Task description:
Retype the material, please. Every line must match.
[Data provided Boundary: Start]
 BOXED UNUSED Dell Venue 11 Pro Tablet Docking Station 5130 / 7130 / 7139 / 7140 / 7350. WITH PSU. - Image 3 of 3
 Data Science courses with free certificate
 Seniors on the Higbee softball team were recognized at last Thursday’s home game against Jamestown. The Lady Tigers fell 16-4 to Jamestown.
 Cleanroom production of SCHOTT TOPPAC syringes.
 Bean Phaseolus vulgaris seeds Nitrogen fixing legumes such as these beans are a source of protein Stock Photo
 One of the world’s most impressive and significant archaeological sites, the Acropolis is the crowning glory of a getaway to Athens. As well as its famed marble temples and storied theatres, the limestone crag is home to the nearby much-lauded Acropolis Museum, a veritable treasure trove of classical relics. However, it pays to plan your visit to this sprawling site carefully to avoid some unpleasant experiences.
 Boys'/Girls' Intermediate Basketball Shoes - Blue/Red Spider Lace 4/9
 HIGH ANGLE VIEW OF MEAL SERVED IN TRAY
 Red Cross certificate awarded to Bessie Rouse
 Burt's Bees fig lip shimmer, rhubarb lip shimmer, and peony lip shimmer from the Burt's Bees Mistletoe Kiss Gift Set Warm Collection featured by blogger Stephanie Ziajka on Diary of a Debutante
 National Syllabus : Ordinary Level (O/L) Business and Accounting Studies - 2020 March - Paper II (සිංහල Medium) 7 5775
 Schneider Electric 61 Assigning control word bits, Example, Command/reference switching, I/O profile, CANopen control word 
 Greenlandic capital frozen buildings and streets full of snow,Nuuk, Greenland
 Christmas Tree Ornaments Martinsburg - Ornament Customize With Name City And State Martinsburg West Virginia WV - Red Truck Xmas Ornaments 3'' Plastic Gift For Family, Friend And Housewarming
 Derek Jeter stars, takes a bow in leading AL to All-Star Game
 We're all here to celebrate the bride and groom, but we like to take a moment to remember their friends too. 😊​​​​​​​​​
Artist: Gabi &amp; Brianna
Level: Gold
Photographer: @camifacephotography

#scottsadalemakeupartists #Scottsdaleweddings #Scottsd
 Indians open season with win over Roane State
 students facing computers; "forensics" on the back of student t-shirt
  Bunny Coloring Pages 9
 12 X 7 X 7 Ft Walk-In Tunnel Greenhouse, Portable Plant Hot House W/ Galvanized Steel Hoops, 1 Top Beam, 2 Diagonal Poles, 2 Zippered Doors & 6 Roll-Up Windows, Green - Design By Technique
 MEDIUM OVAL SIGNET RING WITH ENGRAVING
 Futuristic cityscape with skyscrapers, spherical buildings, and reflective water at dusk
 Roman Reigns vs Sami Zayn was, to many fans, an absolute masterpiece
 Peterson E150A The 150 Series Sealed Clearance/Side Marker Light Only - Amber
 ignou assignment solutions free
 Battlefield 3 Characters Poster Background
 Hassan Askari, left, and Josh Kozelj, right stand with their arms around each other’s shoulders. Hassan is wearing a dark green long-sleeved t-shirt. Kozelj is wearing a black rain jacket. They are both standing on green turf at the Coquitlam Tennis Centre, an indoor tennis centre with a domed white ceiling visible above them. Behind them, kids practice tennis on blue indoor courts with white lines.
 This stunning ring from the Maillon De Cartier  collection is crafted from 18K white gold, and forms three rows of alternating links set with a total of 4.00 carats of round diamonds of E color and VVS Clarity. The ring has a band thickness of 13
[Data provided Boundary: End]
Task answer:
 BOXED UNUSED Dell Venue 11 Pro Tablet Docking Station 5130 / 7130 / 7139 / 7140 / 7350. WITH PSU. - Image 3 of 3
 Data Science courses with free certificate
 Seniors on the Higbee softball team were recognized at last Thursday’s home game against Jamestown. The Lady Tigers fell 16-4 to Jamestown.
 Cleanroom production of SCHOTT TOPPAC syringes.
 Bean Phaseolus vulgaris seeds Nitrogen fixing legumes such as these beans are a source of protein Stock Photo
 One of the world’s most impressive and significant archaeological sites, the Acropolis is the crowning glory of a getaway to Athens. As well as its famed marble temples and storied theatres, the limestone crag is home to the nearby much-lauded Acropolis Museum, a veritable treasure trove of classical relics. However, it pays to plan your visit to this sprawling site carefully to avoid some unpleasant experiences.
 Boys'/Girls' Intermediate Basketball Shoes - Blue/Red Spider Lace 4/9
 HIGH ANGLE VIEW OF MEAL SERVED IN TRAY
 Red Cross certificate awarded to Bessie Rouse
 Burt's Bees fig lip shimmer, rhubarb lip shimmer, and peony lip shimmer from the Burt's Bees Mistletoe Kiss Gift Set Warm Collection featured by blogger Stephanie Ziajka on Diary of a Debutante
 National Syllabus : Ordinary Level (O/L) Business and Accounting Studies - 2020 March - Paper II (සිංහල Medium) 7 5775
 Schneider Electric 61 Assigning control word bits, Example, Command/reference switching, I/O profile, CANopen control word 
 Greenlandic capital frozen buildings and streets full of snow,Nuuk, Greenland
 Christmas Tree Ornaments Martinsburg - Ornament Customize With Name City And State Martinsburg West Virginia WV - Red Truck Xmas Ornaments 3'' Plastic Gift For Family, Friend And Housewarming
 Derek Jeter stars, takes a bow in leading AL to All-Star Game
 We're all here to celebrate the bride and groom, but we like to take a moment to remember their friends too. 😊​​​​​​​​​
Artist: Gabi &amp; Brianna
Level: Gold
Photographer: @camifacephotography

#scottsadalemakeupartists #Scottsdaleweddings #Scottsd
 Indians open season with win over Roane State
 students facing computers; "forensics" on the back of student t-shirt
  Bunny Coloring Pages 9
 12 X 7 X 7 Ft Walk-In Tunnel Greenhouse, Portable Plant Hot House W/ Galvanized Steel Hoops, 1 Top Beam, 2 Diagonal Poles, 2 Zippered Doors & 6 Roll-Up Windows, Green - Design By Technique
 MEDIUM OVAL SIGNET RING WITH ENGRAVING
 Futuristic cityscape with skyscrapers, spherical buildings, and reflective water at dusk
 Roman Reigns vs Sami Zayn was, to many fans, an absolute masterpiece
 Peterson E150A The 150 Series Sealed Clearance/Side Marker Light Only - Amber
 ignou assignment solutions free
 Battlefield 3 Characters Poster Background
 Hassan Askari, left, and Josh Kozelj, right stand with their arms around each other’s shoulders. Hassan is wearing a dark green long-sleeved t-shirt. Kozelj is wearing a black rain jacket. They are both standing on green turf at the Coquitlam Tennis Centre, an indoor tennis centre with a domed white ceiling visible above them. Behind them, kids practice tennis on blue indoor courts with white lines.
 This stunning ring from the Maillon De Cartier  collection is crafted from 18K white gold, and forms three rows of alternating links set with a total of 4.00 carats of round diamonds of E color and VVS Clarity. The ring has a band thickness of 13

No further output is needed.